Task to carry out — Give back all of the data exactly, with every picture omitted.

Information shown —
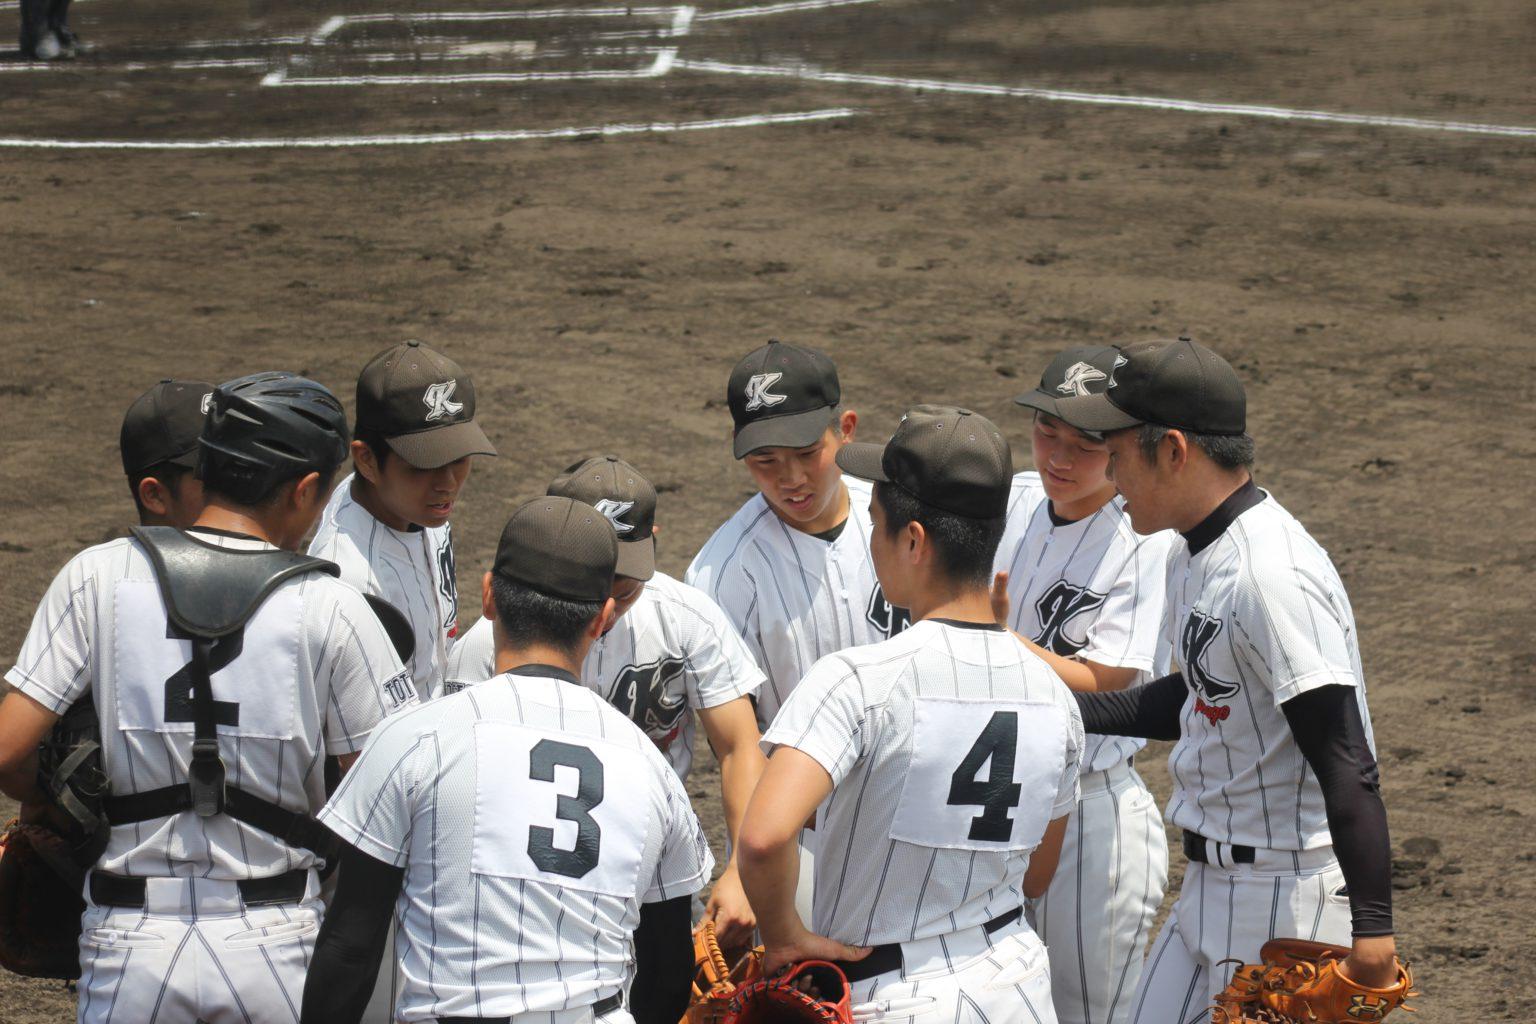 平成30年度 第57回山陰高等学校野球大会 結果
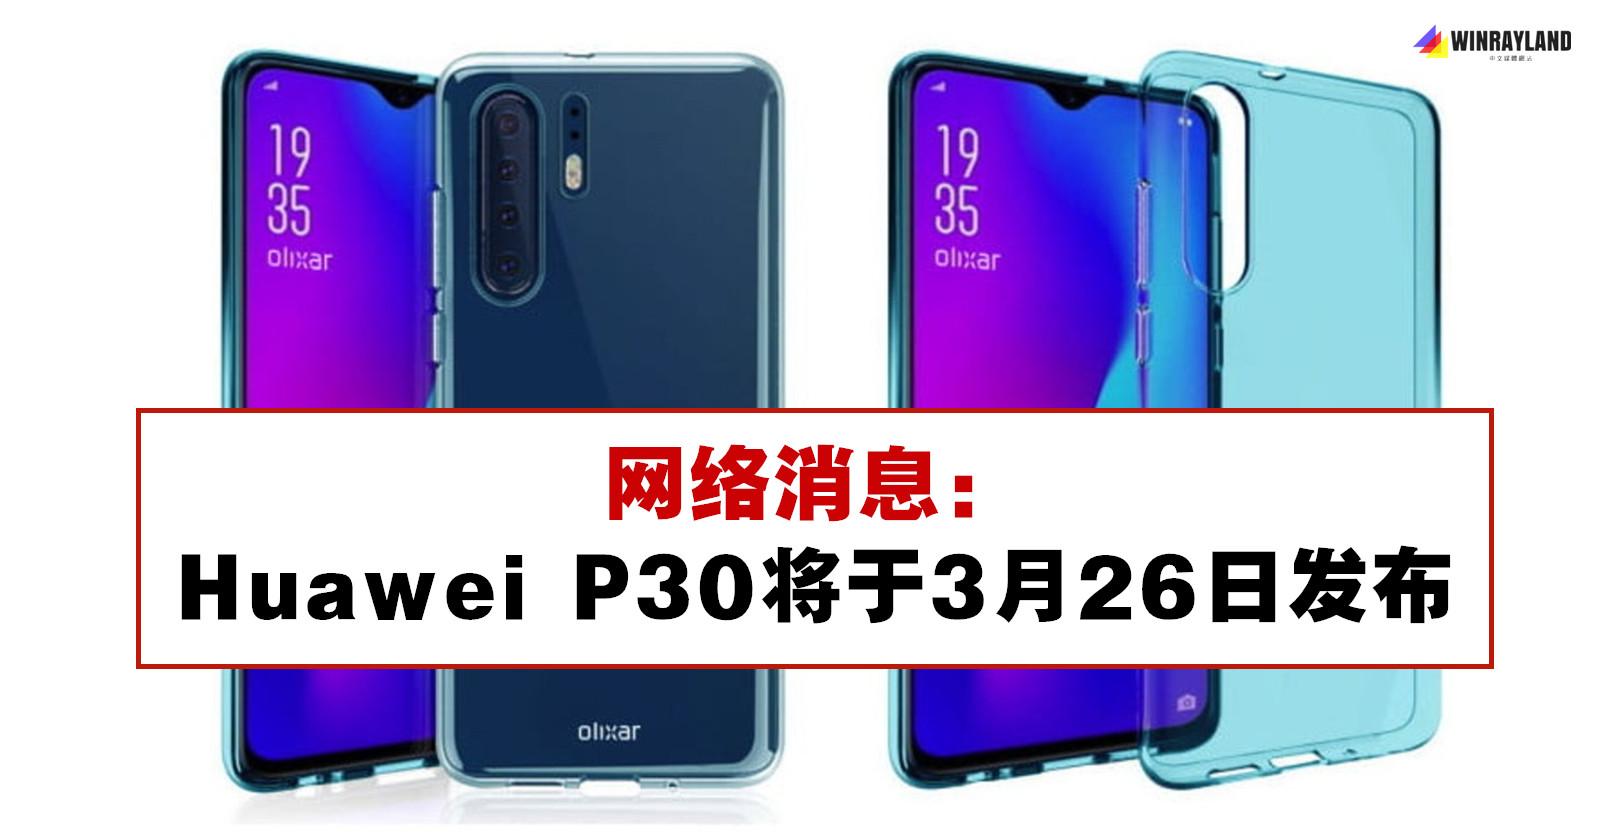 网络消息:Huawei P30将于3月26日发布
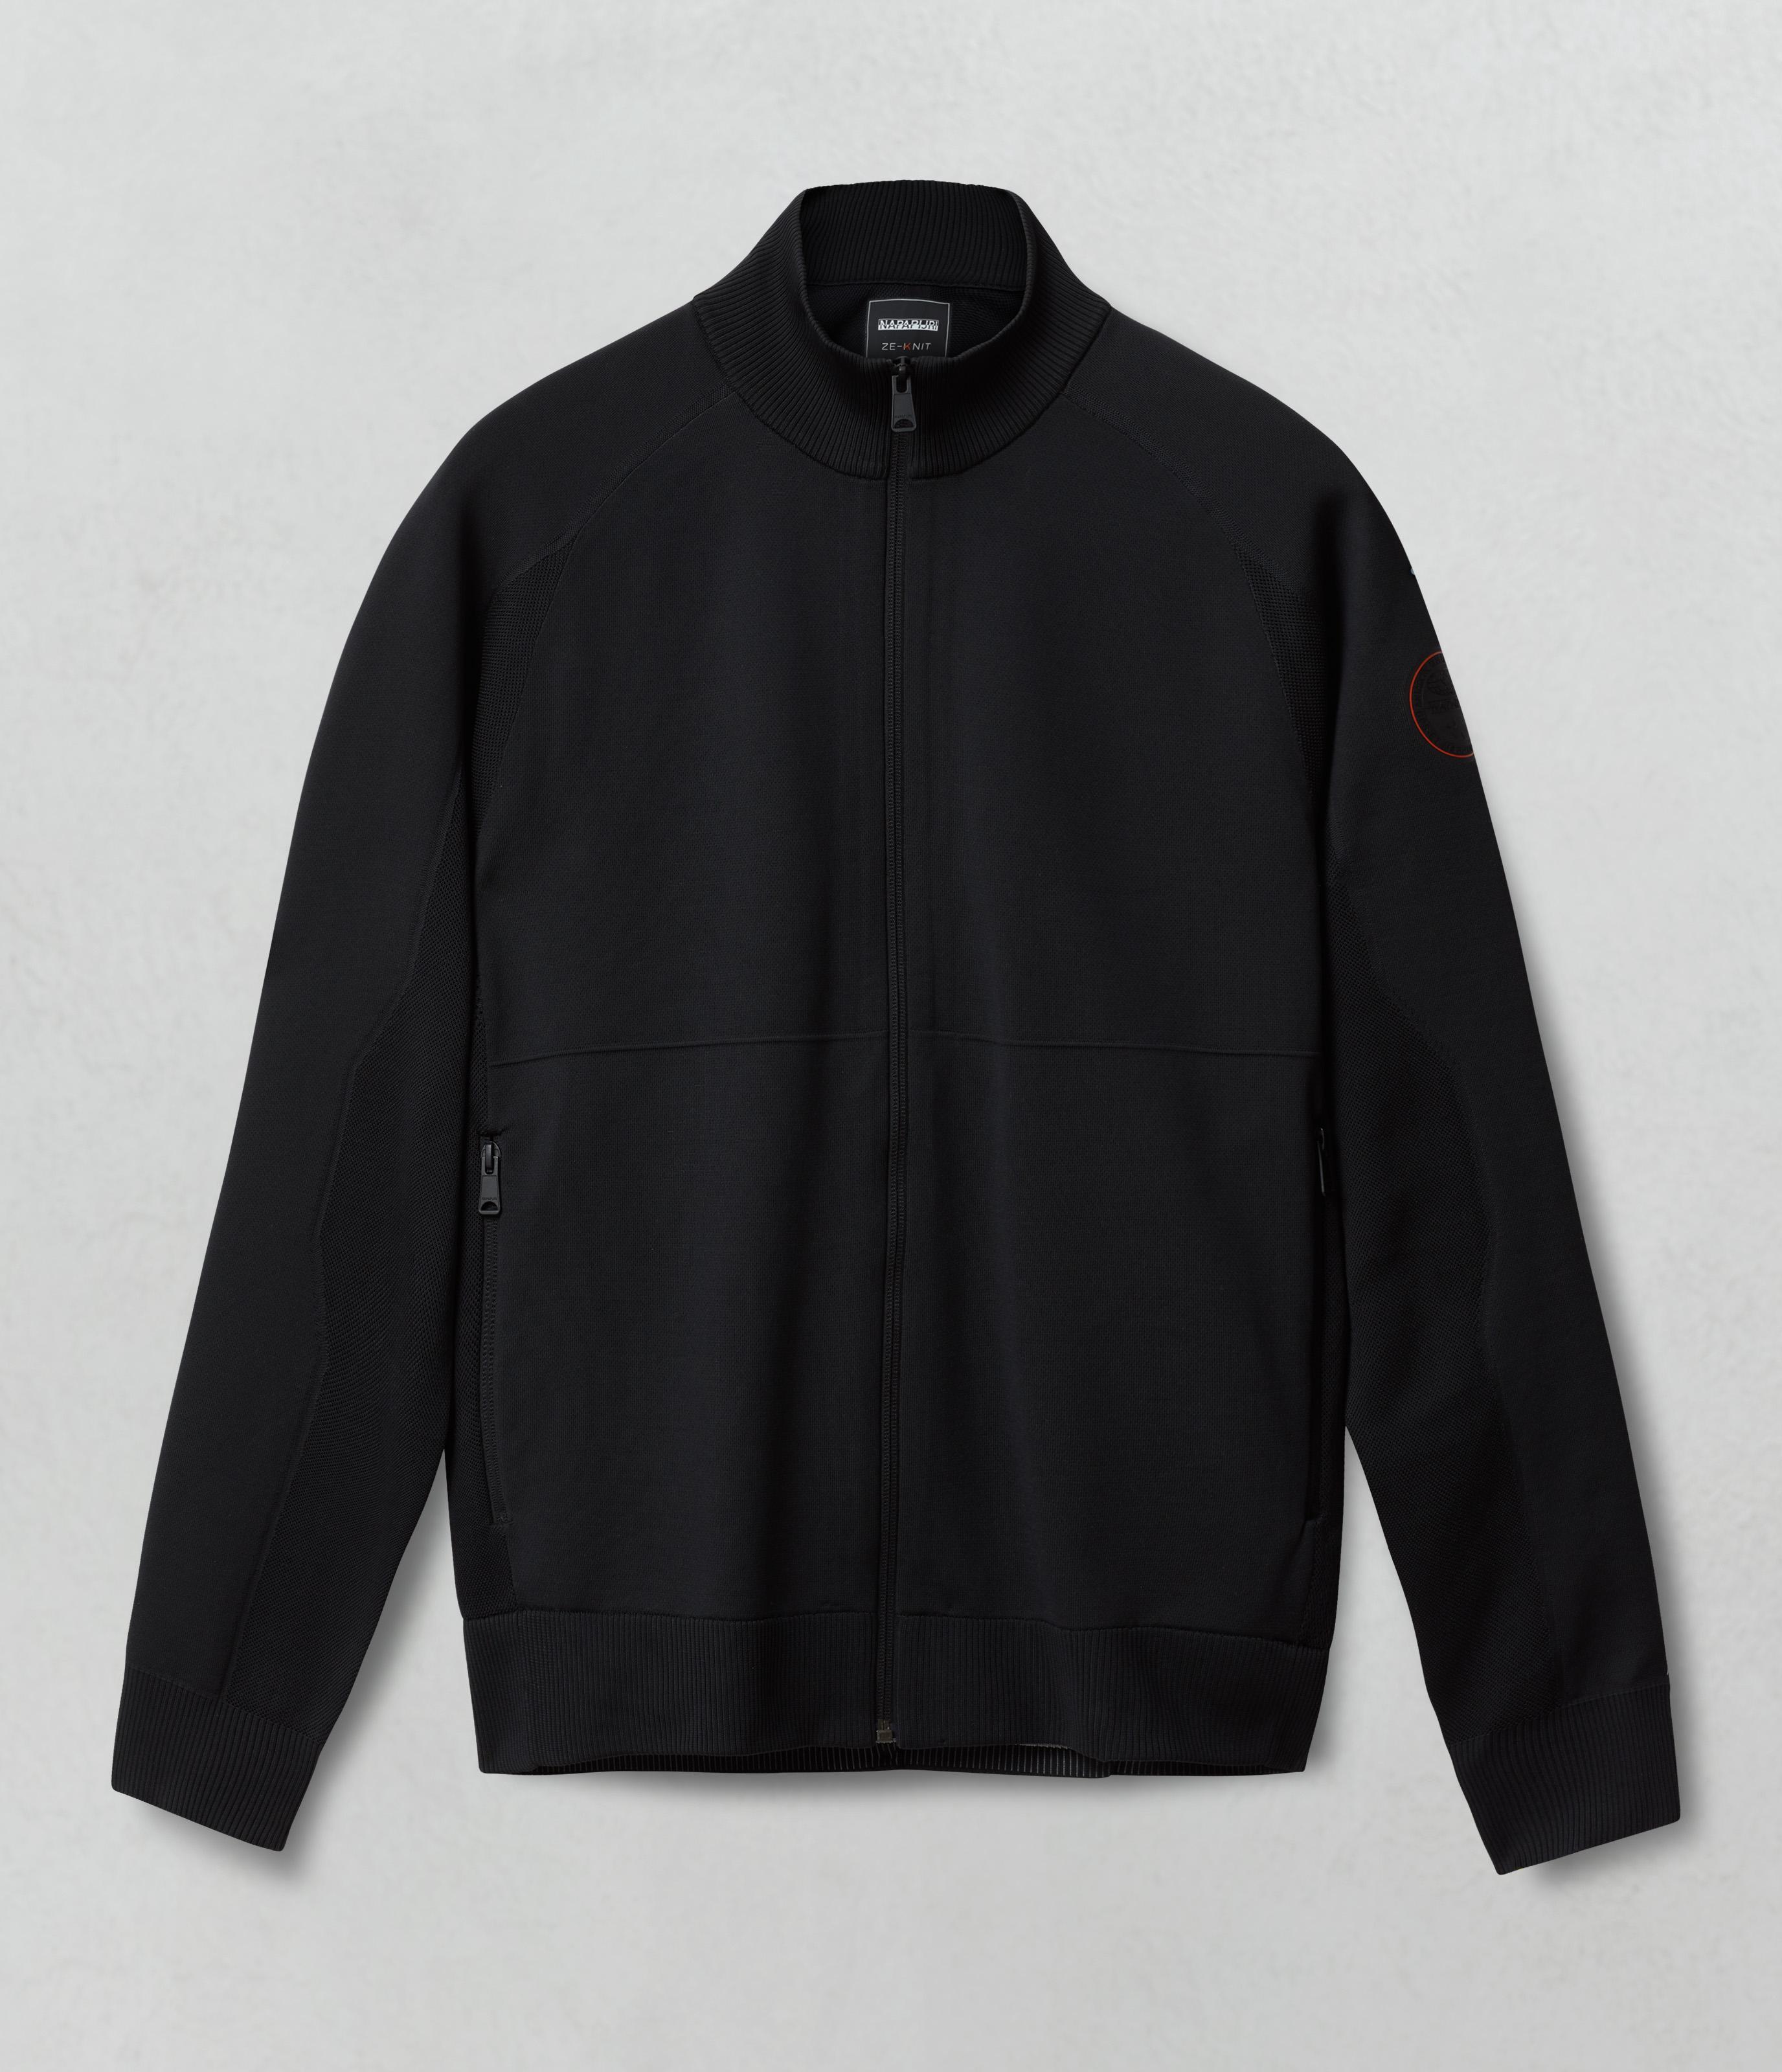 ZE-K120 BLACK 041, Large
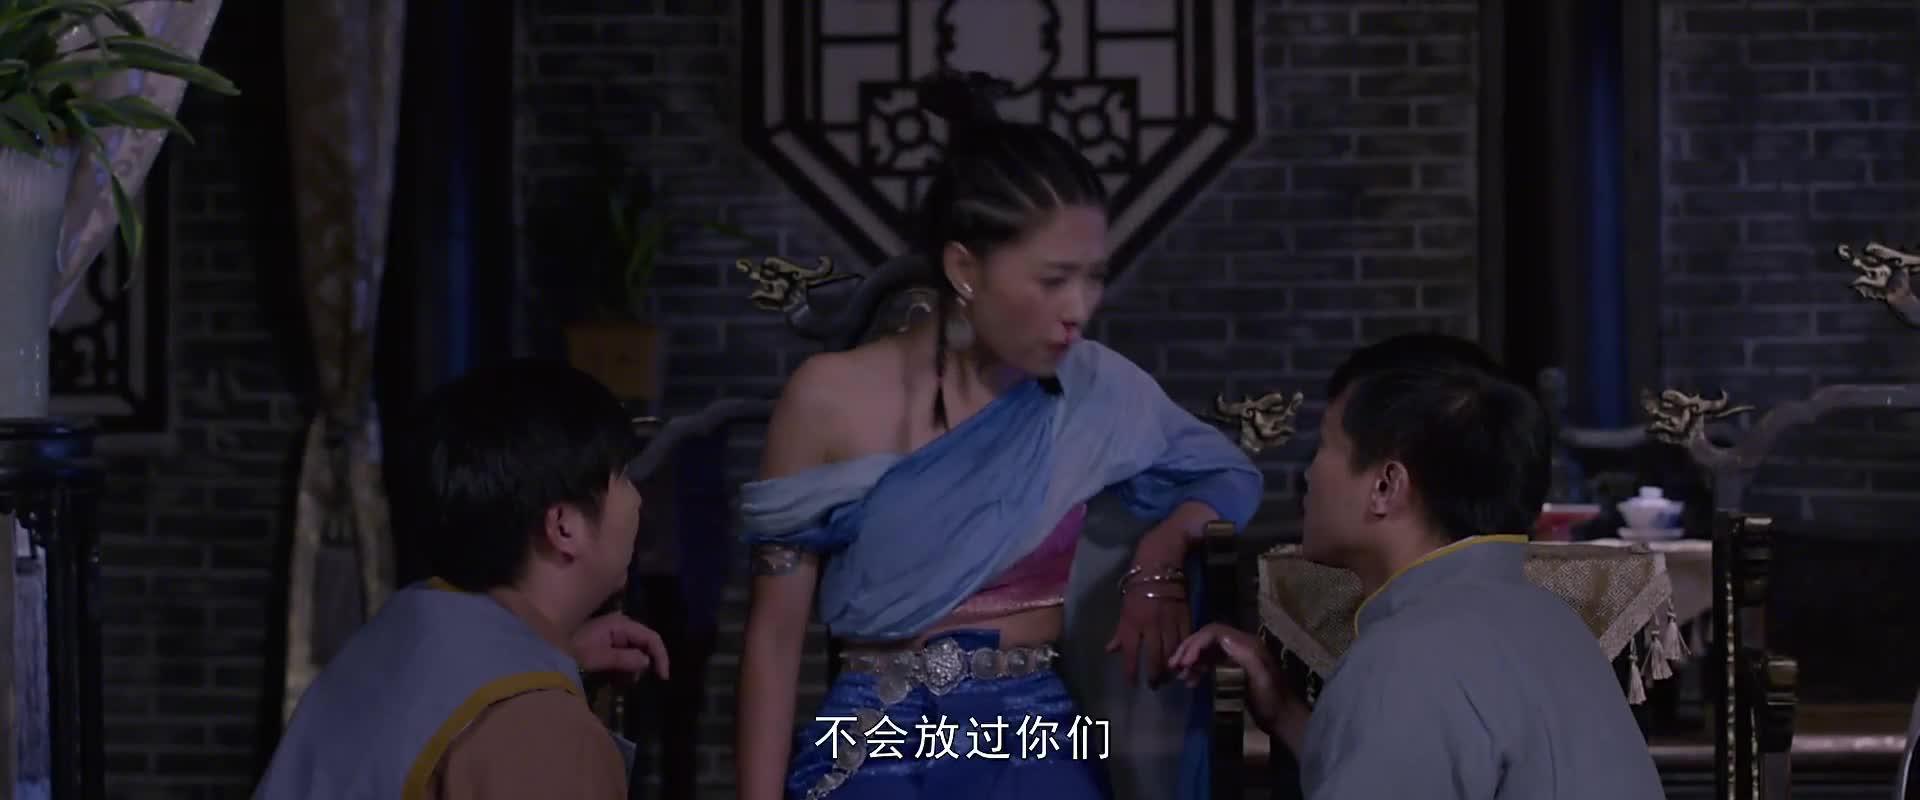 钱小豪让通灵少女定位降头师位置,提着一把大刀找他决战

Final answer —
 平成30年度 第57回山陰高等学校野球大会 結果
 网络消息:Huawei P30将于3月26日发布
 ZE-K120 BLACK 041, Large
 钱小豪让通灵少女定位降头师位置,提着一把大刀找他决战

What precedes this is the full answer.